BLEU: A Method for Automatic Evaluation of Machine Translation

Repositories#

https://github.com/mjpost/sacrebleu

Available Models#

Our implementation wraps BLEU and the sentence-level version, SentBLEU.

BLEU

Description: The BLEU metric
Name: papineni2002-bleu

Usage:

from repro.models.papineni2002 import BLEU
model = BLEU()
inputs = [
    {"candidate": "The candidate", "references": ["Reference one", "The second"]},
    ...
]
macro, _ = model.predict_batch(inputs)

macro will contain the BLEU score.

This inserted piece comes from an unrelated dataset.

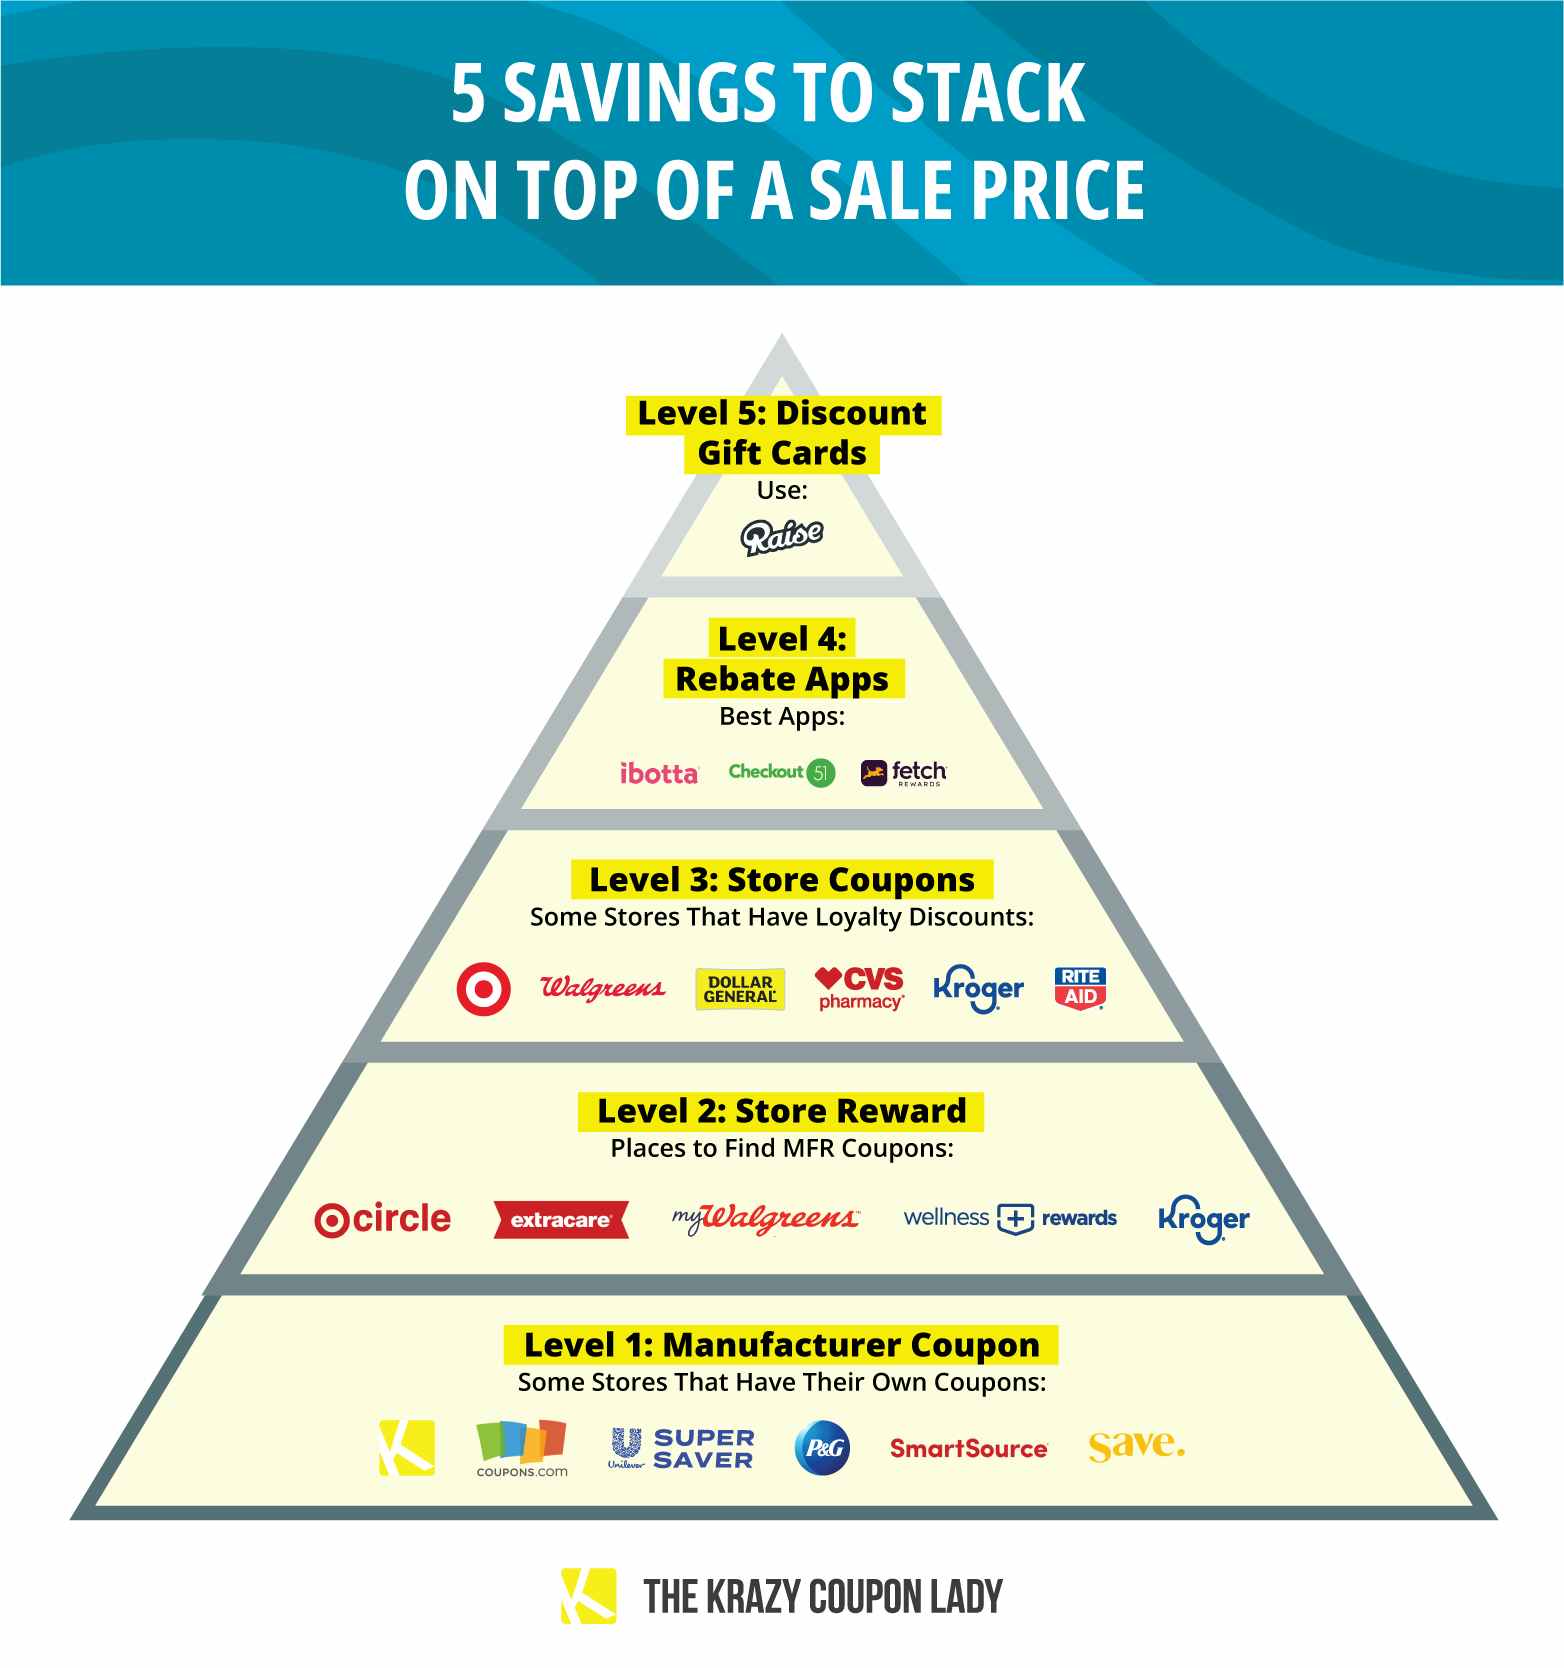 https://prod-cdn-thekrazycouponlady.imgix.net/wp-content/uploads/2016/10/coupon-stacking-pyramid-1641848356-1641848356.png?auto=format&fit=fill&q=25
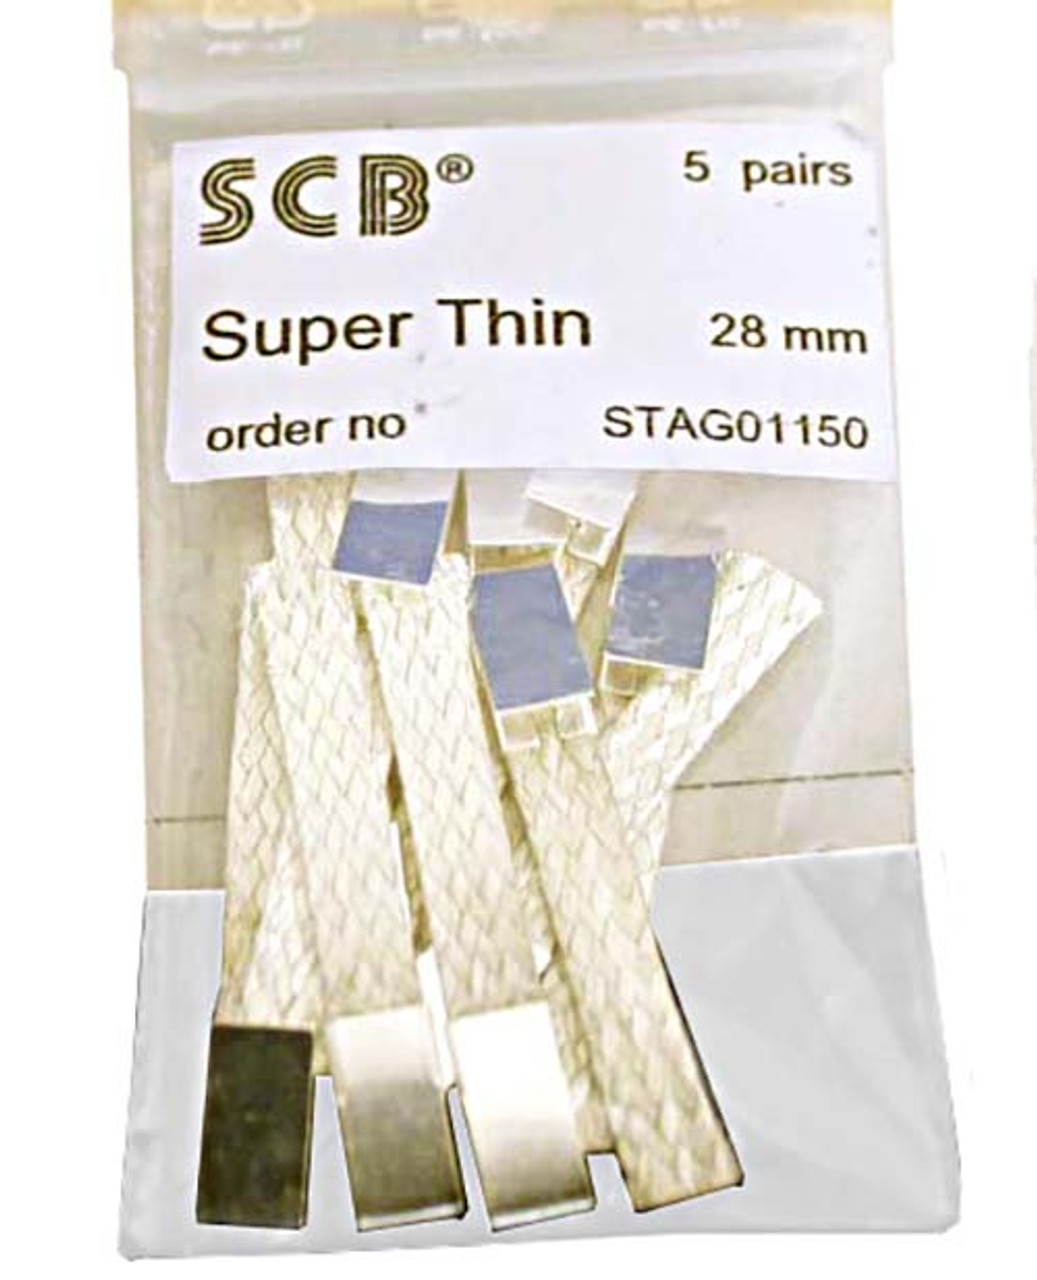 SCB Standard Silver Plated  Braid - 5 pr pack - STAG01200

Since BLEU is a corpus-level metric, there is not input-level score (thus we ignore the second returned value, which is an empty list)

SentBLEU

Description: The sentence-level BLEU metric
Name: papineni2002-sentbleu

Usage:

from repro.models.papineni2002 import SentBLEU
model = SentBLEU()
inputs = [
    {"candidate": "The candidate", "references": ["Reference one", "The second"]},
    ...
]
macro, micro = model.predict_batch(inputs)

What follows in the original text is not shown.